## Records supplied:
• • • • •

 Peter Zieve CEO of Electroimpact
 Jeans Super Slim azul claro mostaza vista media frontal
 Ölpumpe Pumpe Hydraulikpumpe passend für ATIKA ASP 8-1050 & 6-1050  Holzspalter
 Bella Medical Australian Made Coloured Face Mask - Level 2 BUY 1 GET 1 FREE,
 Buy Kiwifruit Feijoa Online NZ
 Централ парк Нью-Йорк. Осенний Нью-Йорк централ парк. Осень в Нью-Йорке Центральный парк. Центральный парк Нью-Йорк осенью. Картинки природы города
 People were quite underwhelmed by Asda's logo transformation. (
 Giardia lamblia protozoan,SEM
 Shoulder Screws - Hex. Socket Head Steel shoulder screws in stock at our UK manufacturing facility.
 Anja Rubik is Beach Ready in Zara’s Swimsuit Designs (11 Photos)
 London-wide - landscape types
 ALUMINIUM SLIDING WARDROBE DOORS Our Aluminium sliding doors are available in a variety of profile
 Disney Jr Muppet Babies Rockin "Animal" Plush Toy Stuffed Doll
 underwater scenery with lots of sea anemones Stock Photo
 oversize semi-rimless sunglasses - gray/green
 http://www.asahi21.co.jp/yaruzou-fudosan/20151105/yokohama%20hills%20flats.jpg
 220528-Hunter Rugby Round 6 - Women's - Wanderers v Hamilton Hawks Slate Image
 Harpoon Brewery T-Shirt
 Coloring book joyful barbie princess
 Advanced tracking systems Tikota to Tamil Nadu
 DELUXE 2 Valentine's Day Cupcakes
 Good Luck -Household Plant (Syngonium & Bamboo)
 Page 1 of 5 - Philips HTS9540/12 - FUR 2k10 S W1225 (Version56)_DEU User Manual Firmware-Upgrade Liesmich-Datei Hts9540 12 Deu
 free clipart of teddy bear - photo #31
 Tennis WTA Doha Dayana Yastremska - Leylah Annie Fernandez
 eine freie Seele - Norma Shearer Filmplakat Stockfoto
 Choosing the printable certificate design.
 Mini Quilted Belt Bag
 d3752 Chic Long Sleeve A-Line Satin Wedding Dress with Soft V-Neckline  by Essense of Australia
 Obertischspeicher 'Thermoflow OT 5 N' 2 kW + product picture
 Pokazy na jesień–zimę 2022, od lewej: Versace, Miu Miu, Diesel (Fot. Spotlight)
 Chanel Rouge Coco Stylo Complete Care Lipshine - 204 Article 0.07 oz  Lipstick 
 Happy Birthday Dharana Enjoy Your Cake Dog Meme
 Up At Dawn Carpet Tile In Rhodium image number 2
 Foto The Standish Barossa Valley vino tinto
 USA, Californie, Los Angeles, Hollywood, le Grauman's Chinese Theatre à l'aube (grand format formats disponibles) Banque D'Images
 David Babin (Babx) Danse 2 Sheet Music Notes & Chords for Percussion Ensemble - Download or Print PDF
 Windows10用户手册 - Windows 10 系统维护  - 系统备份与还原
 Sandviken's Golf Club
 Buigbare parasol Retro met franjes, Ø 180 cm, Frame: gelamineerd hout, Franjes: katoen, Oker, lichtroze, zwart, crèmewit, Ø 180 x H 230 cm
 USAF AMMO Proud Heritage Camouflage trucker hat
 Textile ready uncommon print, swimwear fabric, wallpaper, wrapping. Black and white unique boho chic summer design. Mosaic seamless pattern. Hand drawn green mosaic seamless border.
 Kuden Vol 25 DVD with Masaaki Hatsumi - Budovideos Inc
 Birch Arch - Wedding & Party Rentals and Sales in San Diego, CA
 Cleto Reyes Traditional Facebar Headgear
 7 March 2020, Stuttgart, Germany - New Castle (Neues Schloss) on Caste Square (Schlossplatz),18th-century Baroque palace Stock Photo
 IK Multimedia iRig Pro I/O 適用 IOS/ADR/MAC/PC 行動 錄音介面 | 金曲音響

• • • • •

## Prompt:
Only a number is expected here: how many lines of the records above contain "green".

## Exercise output:
2